WHAT IS REQUIRED => Please reproduce the listing verbatim, without its images.

INFORMATION SUPPLIED =>
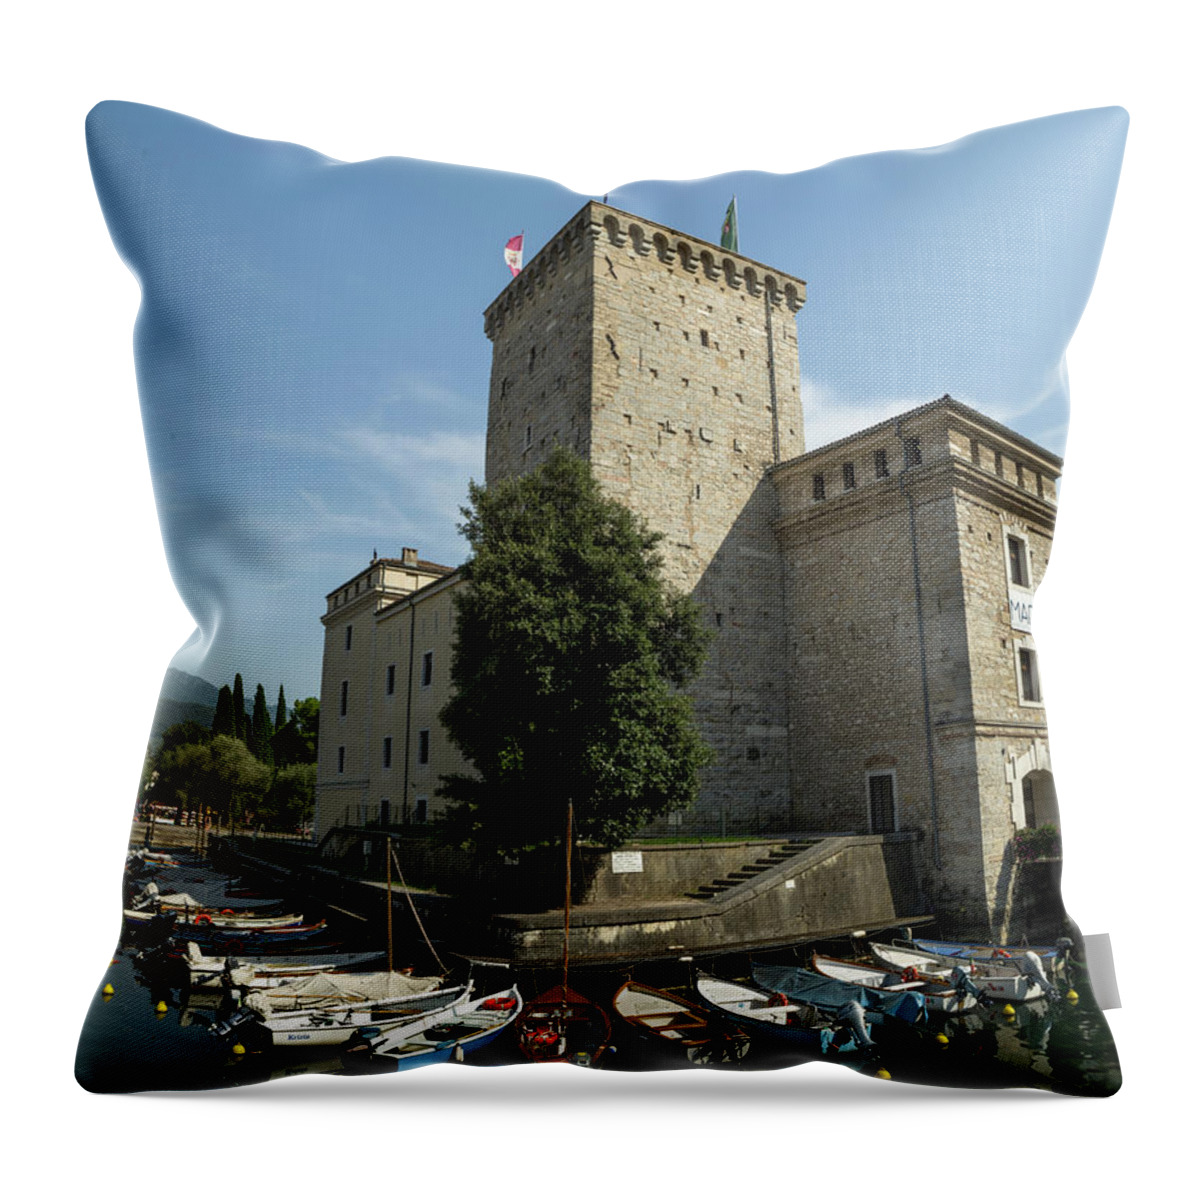 Garda Throw Pillow featuring the photograph Riva del Garda Fortress by Nicola Aristolao
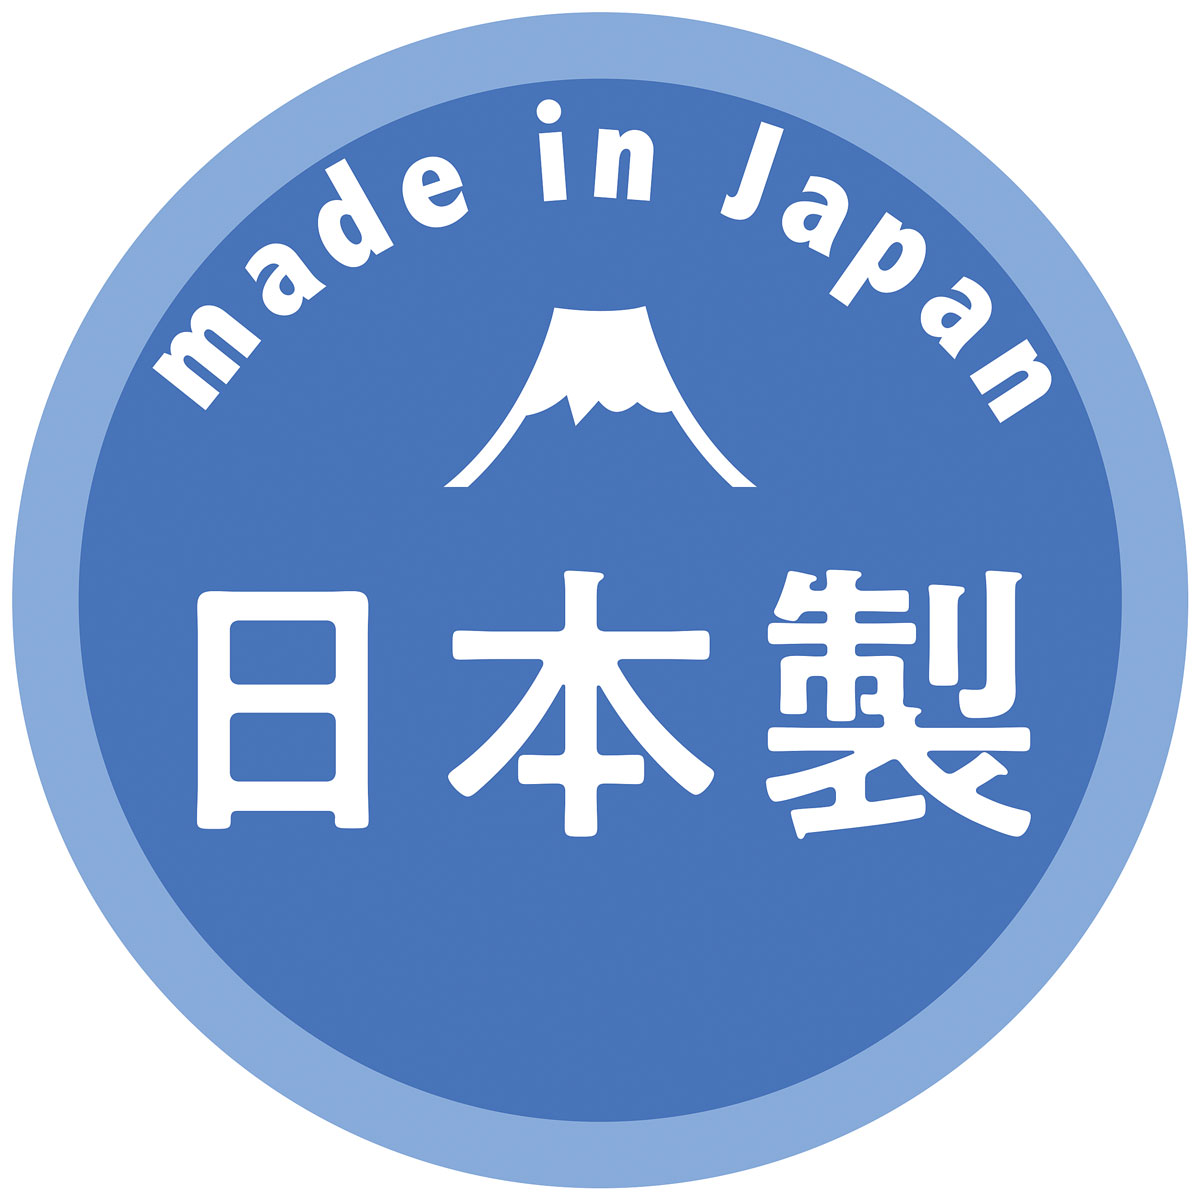 【栃木レザー】 日本製 -二つ折りロングウォレット
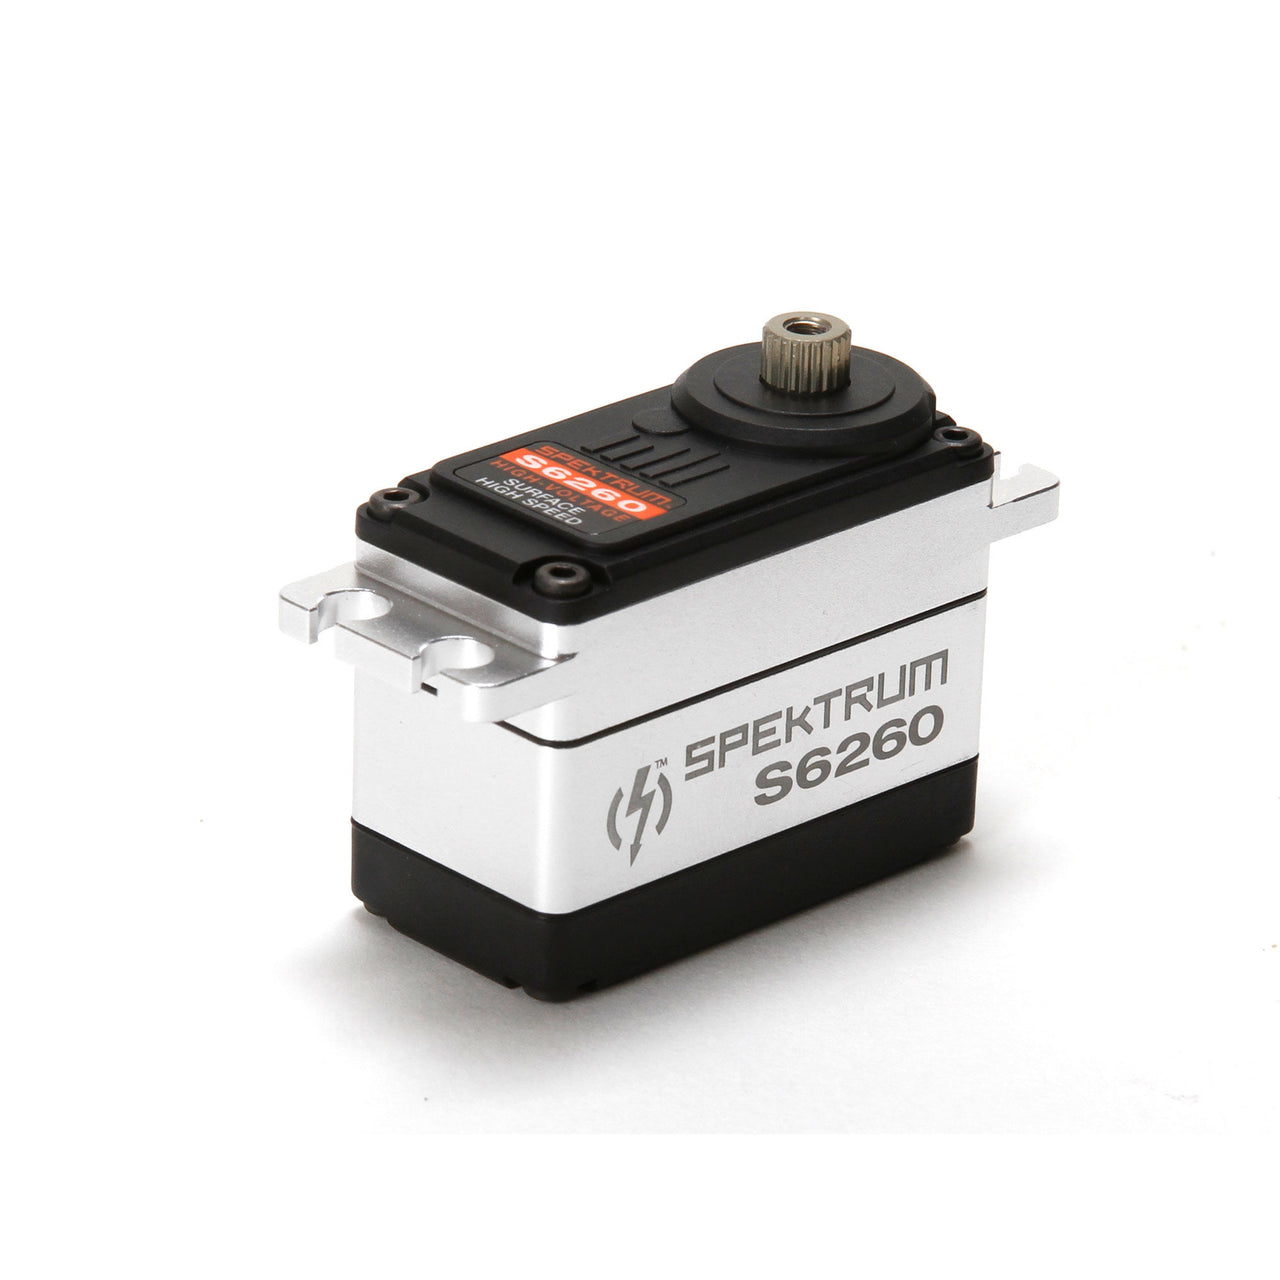 SPMSS6260 S6260 Servo de superficie de engranaje de metal de alta velocidad digital estándar HV 
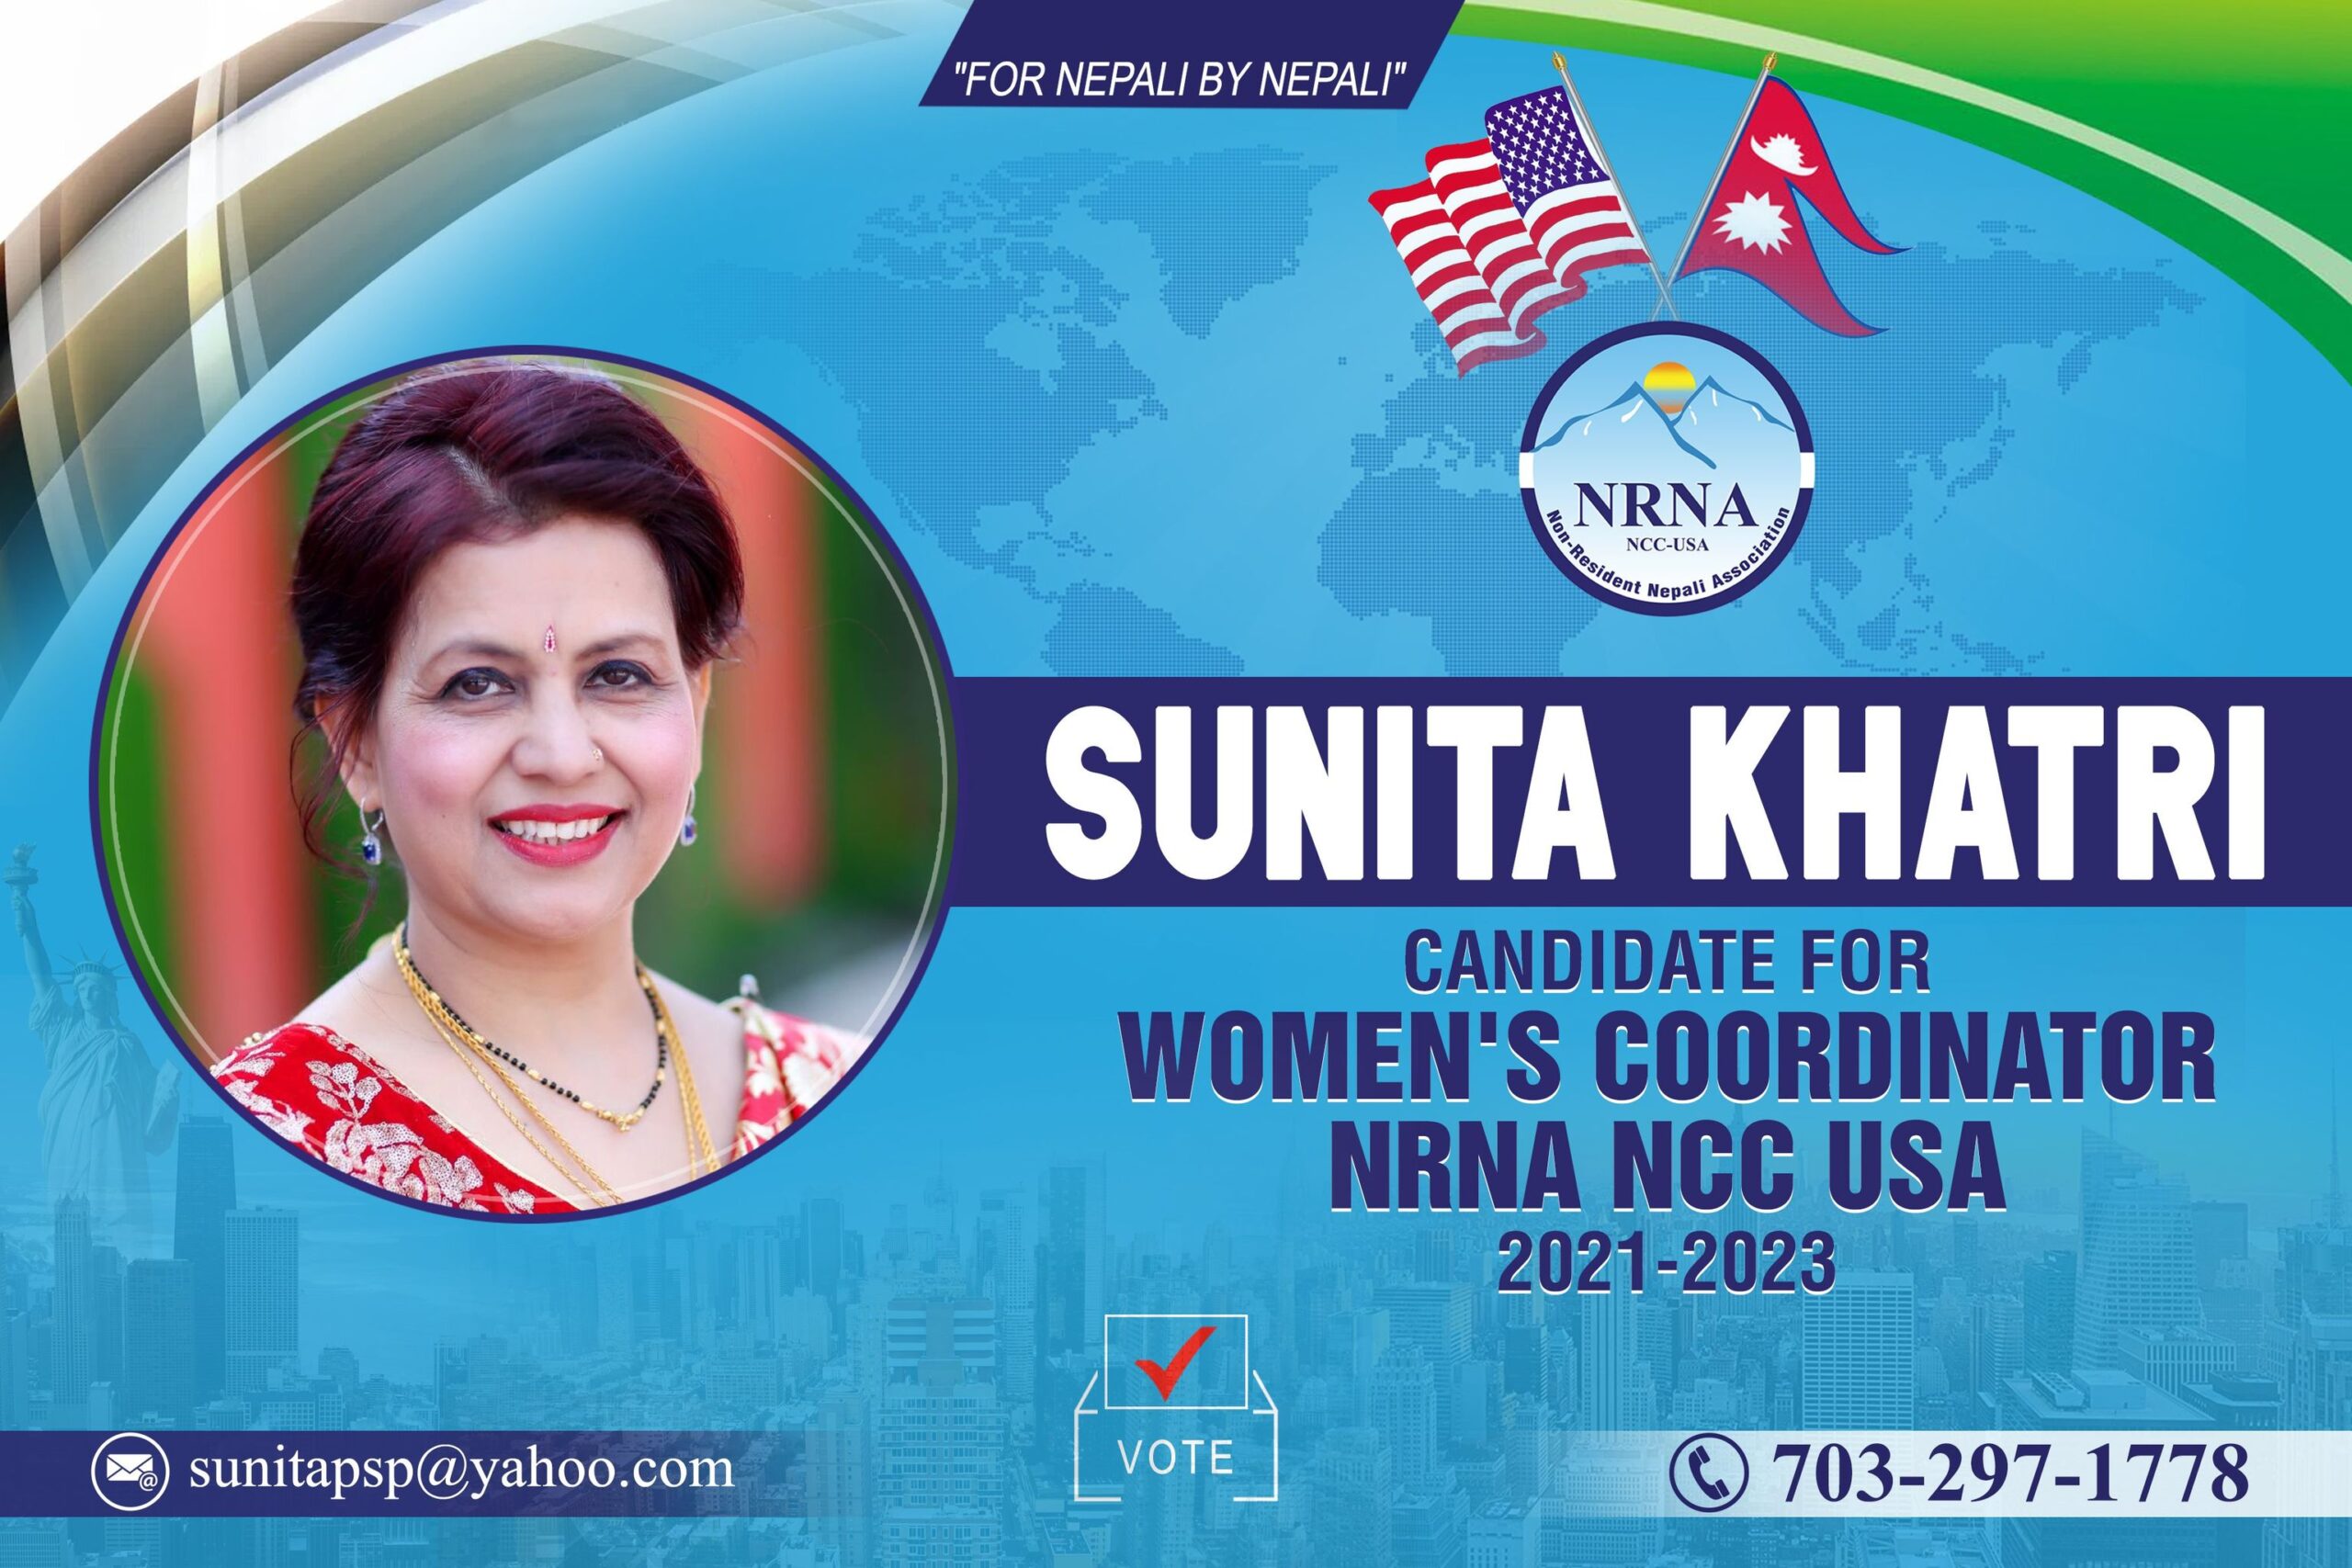 सुनिता खत्रीद्दारा एनआरएनए महिला संयोजक पदमा उमेद्वारी

WRITTEN RESPONSE =>
 Garda Throw Pillow featuring the photograph Riva del Garda Fortress by Nicola Aristolao
 【栃木レザー】 日本製 -二つ折りロングウォレット
 SPMSS6260 S6260 Servo de superficie de engranaje de metal de alta velocidad digital estándar HV 
 सुनिता खत्रीद्दारा एनआरएनए महिला संयोजक पदमा उमेद्वारी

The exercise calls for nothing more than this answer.